Data provided ->
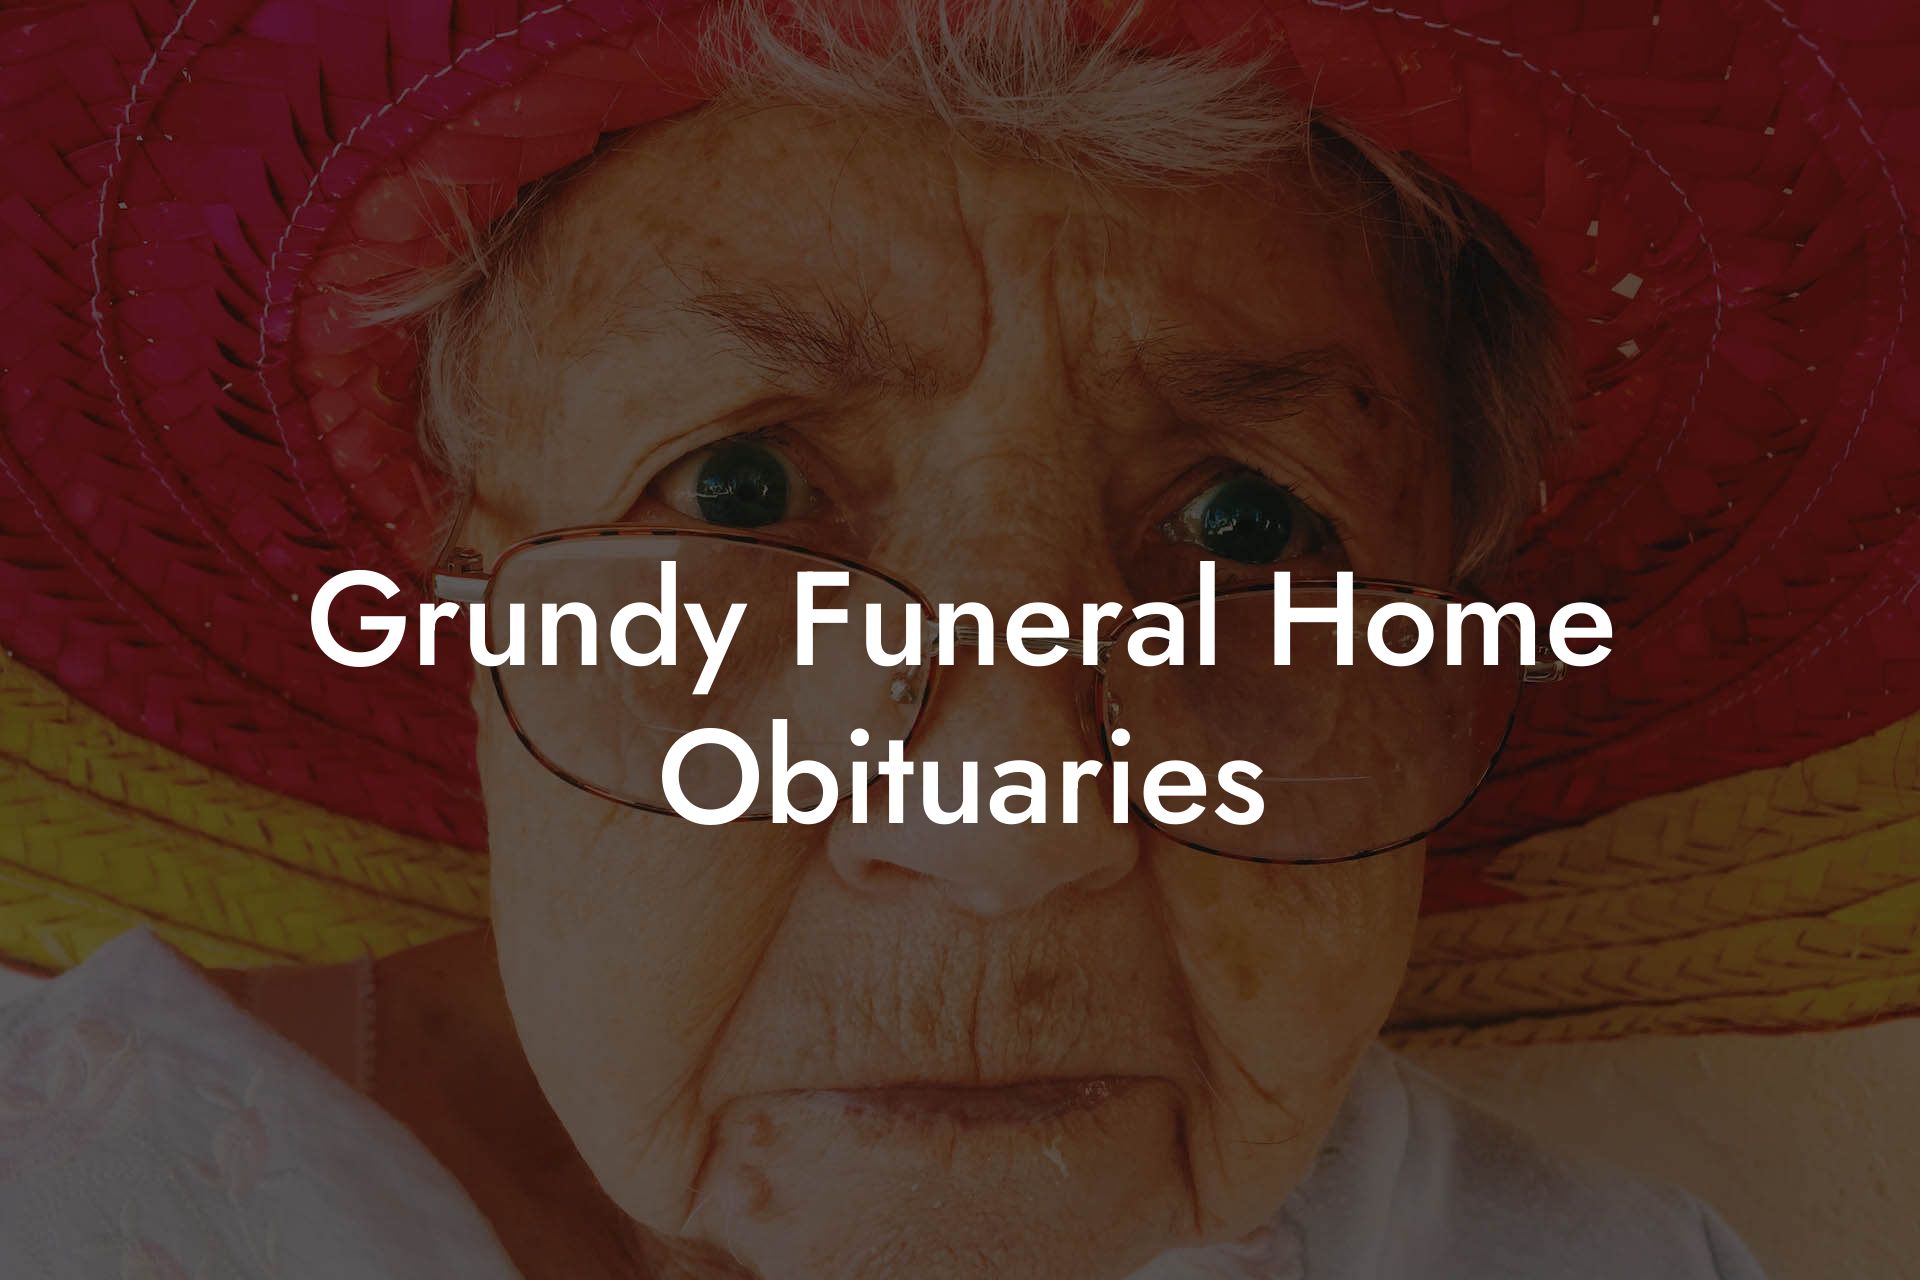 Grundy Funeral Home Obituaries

...

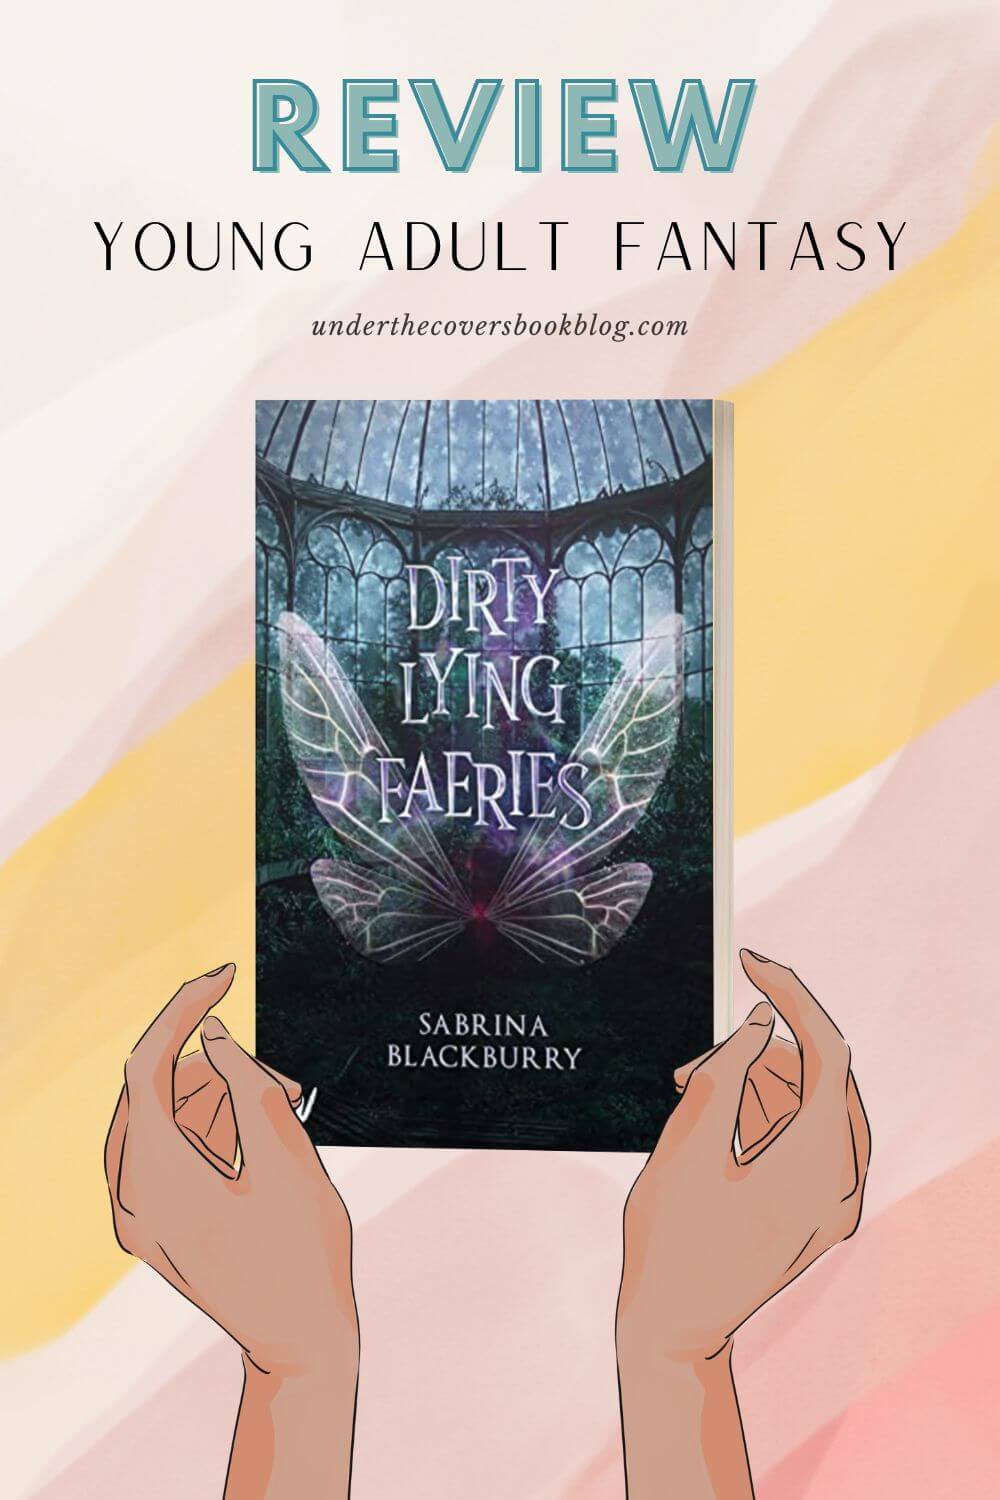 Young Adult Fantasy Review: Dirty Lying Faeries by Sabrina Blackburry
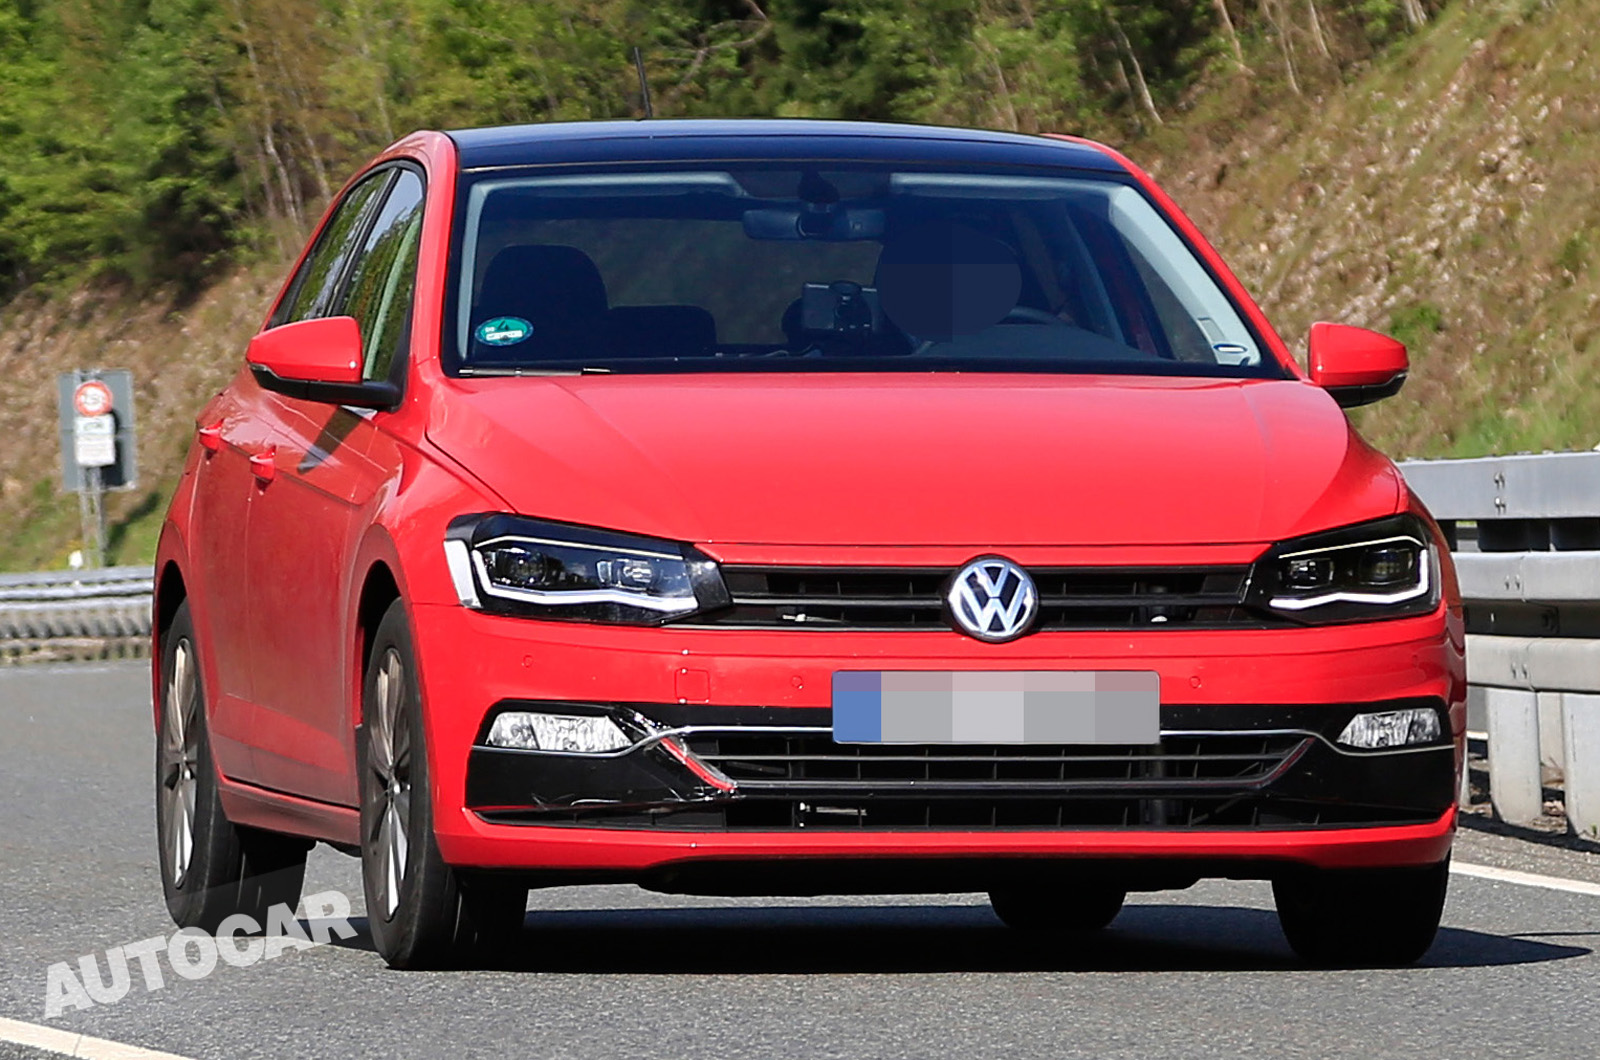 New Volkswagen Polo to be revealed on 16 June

Task goal -> Copy exactly the lines of the listing above between the one holding "Young Adult Fantasy" and the one holding "New Volkswagen Polo", inclusive; omit all pictures.

Exercise output ->
 Young Adult Fantasy Review: Dirty Lying Faeries by Sabrina Blackburry
 New Volkswagen Polo to be revealed on 16 June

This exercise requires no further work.